UTSOA and Tsinghua University students work together on planning green spaces for Beijing.

This past May, a group of UTSOA faculty and students traveled to Beijing to partner with colleagues at Tsinghua University in an international collaboration to bring green space into a neighborhood outside the fast-growing, densely populated city of Beijing.

The week of October 20-24, their partners from Tsinghua University visited Austin. Three faculty and four students from Beijing traveled to Austin to continue their work on designing green space for Beijing. During their visit they have been spending long hours in architecture studios working with UT faculty and students, and in their off time, visiting such Austin icons as the Wildflower Center, the Oasis, Austin City Hall, and Guero's.

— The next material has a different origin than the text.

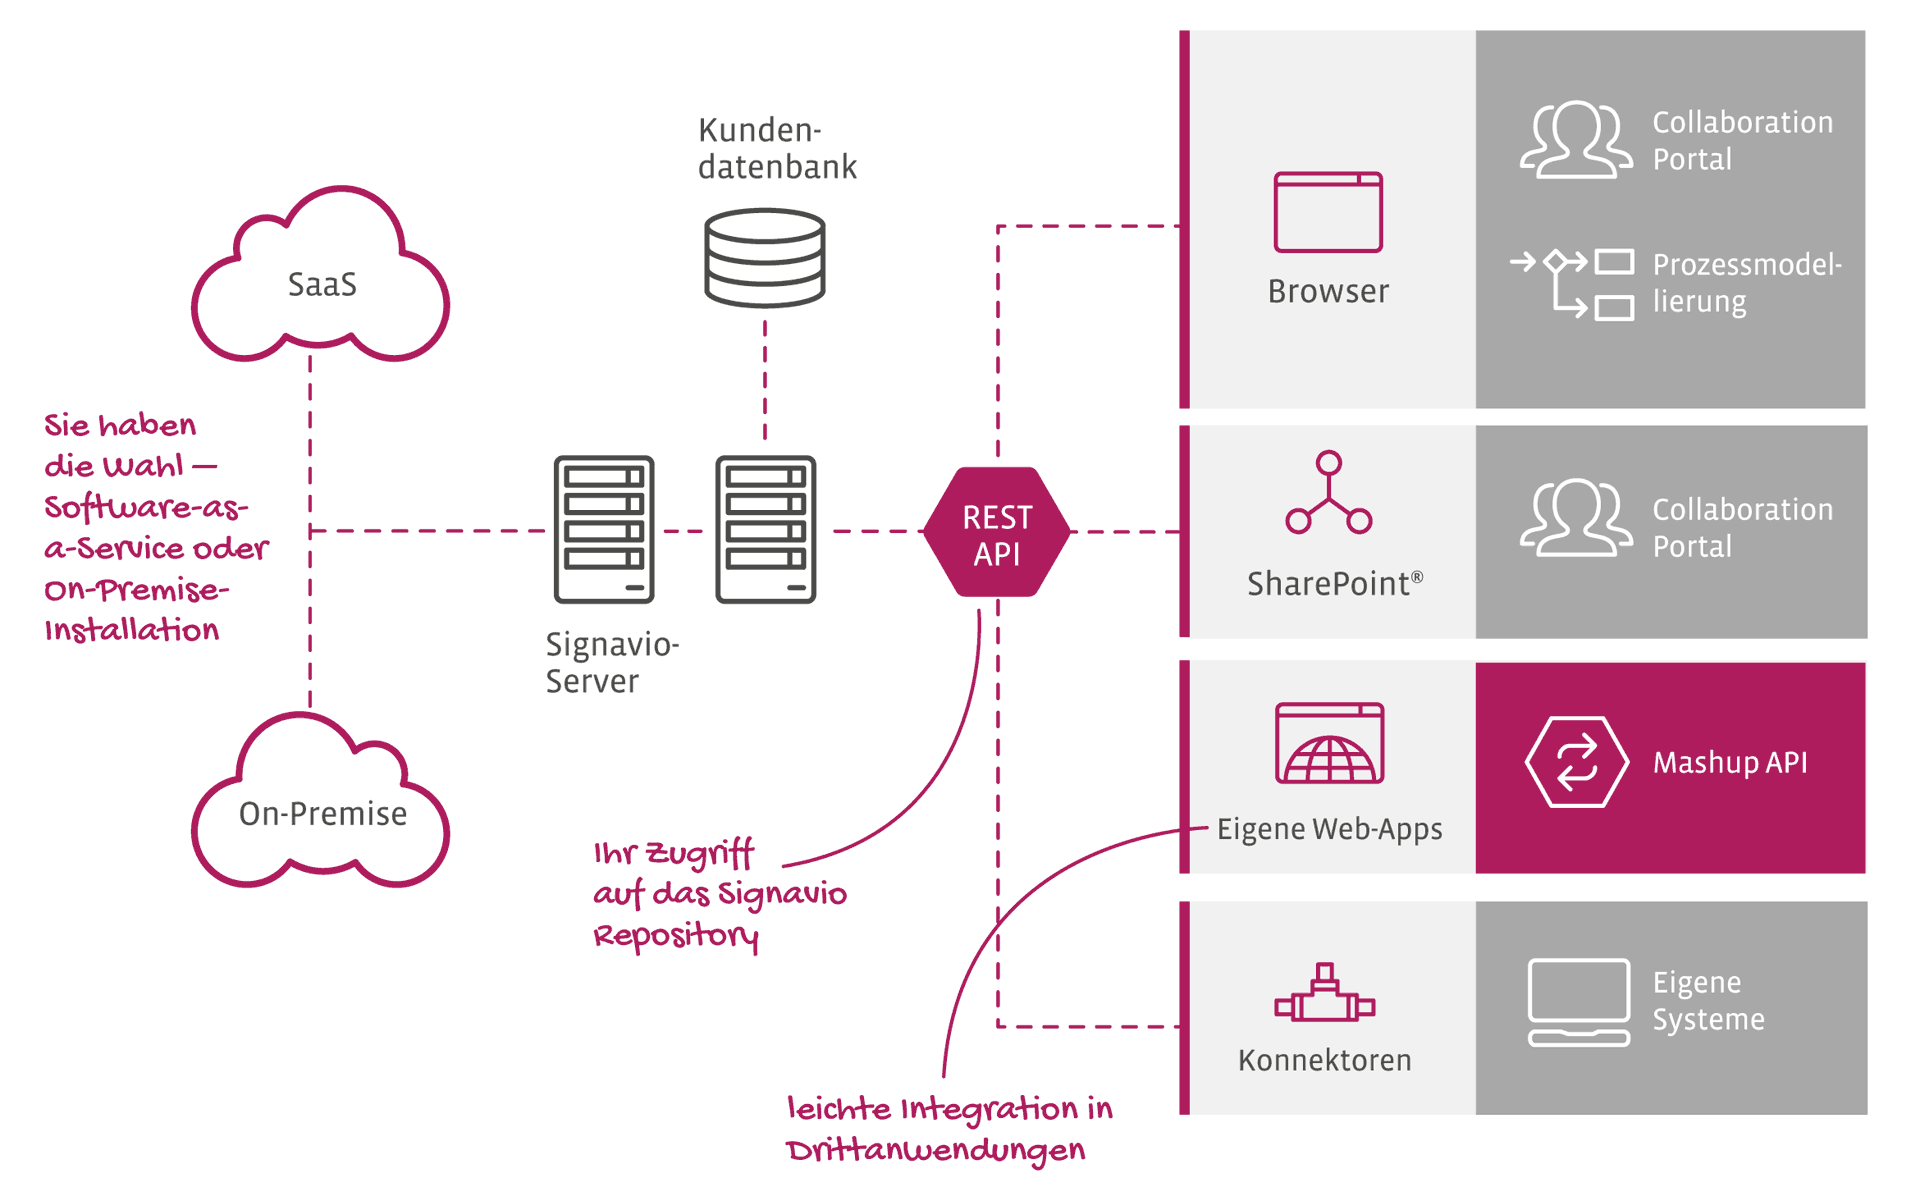 Sharepoint®-Integration Abbildung
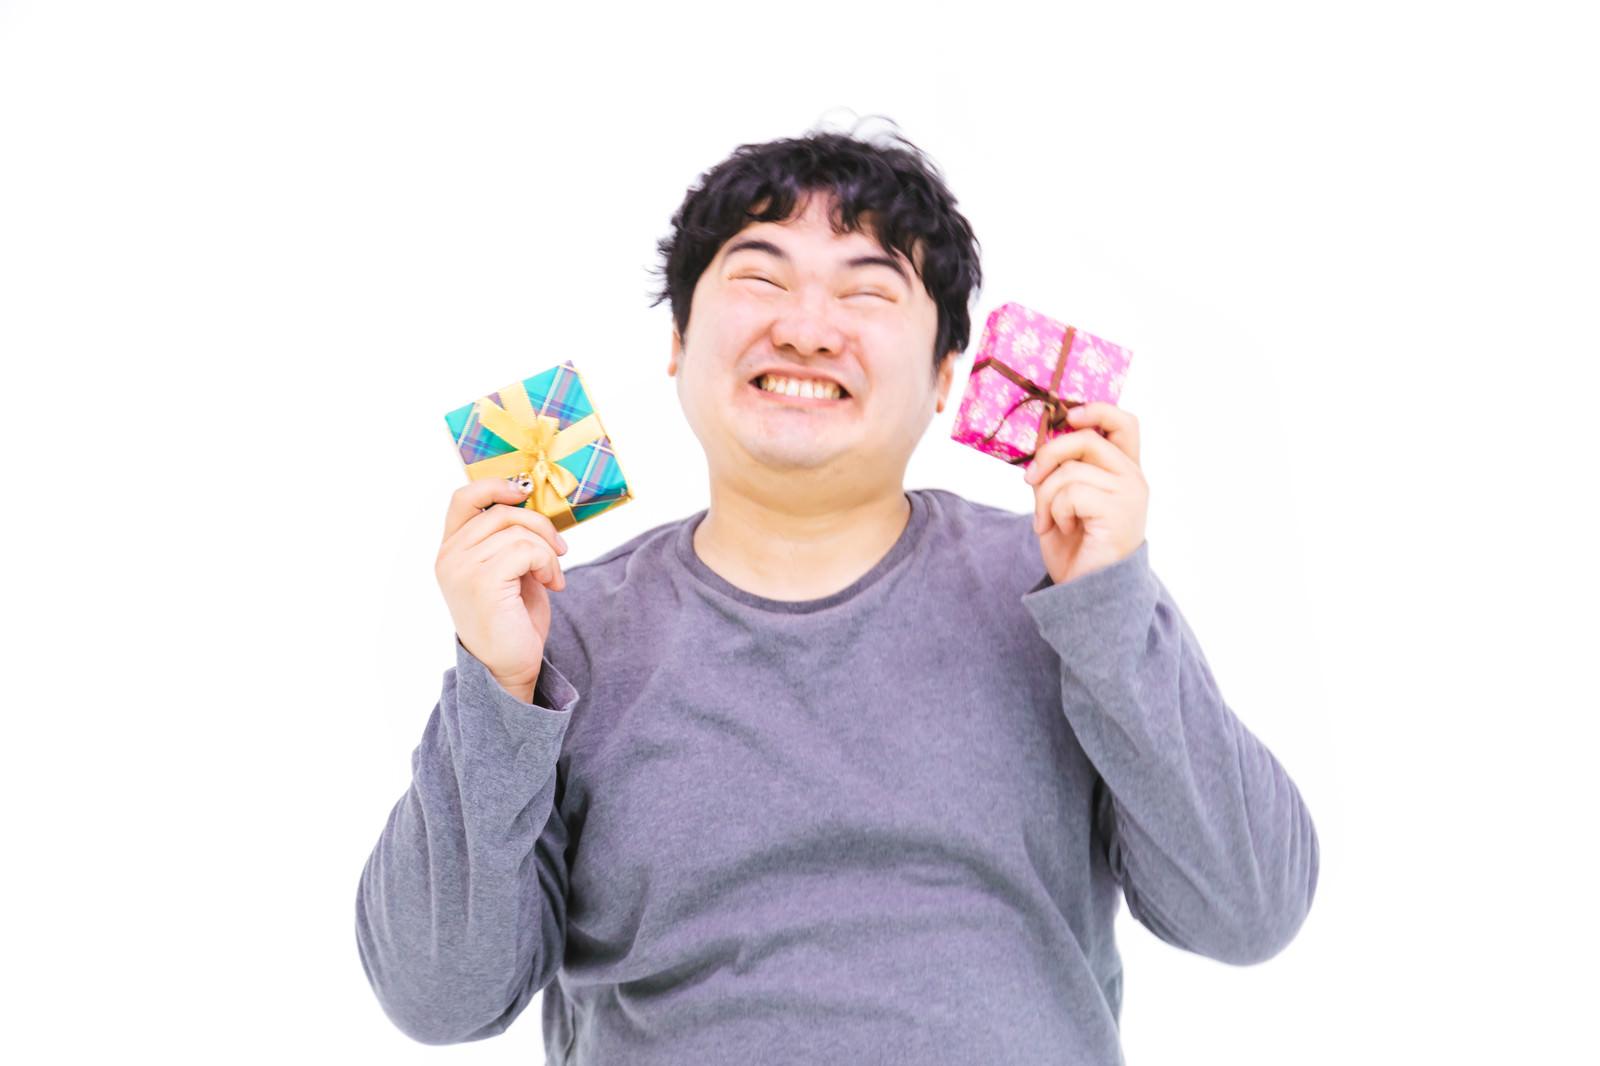 「何度もプレゼントを自慢してくるやつ | 写真の無料素材・フリー素材 - ぱくたそ」の写真[モデル:段田隼人]

The Beijing Studio was recently featured in AIArchitect, which reads in part:

Beijing's "dizzying growth and deep culture provide an ideal urban laboratory for our studio," says Dean Fritz Steiner. Although the urban studio is tailored to Beijing, the team hopes the lessons they learn can be applied to creating pocket park networks in other cities, including Austin.

The goal of the project, say university organizers, is to propose a network of small, inner-city parks that can exist within new developments and mature urban conditions. The approximately 150-acre site is a challenging area with residential, commercial, and institutional functions, bounded by transportation arteries.

The project is also a learning collaboration among UTSOA disciplines. Fourteen students from the areas of community and regional planning, landscape architecture, and architecture are working together in five teams to develop conceptual plans for the project. Once a final design is chosen, students will focus on their specific areas of expertise to bring the design to fruition. "Their different perspectives and competitive spirit" are propelling the project forward and teaching the students how to work in a team environment, says Professor Wilfried Wang.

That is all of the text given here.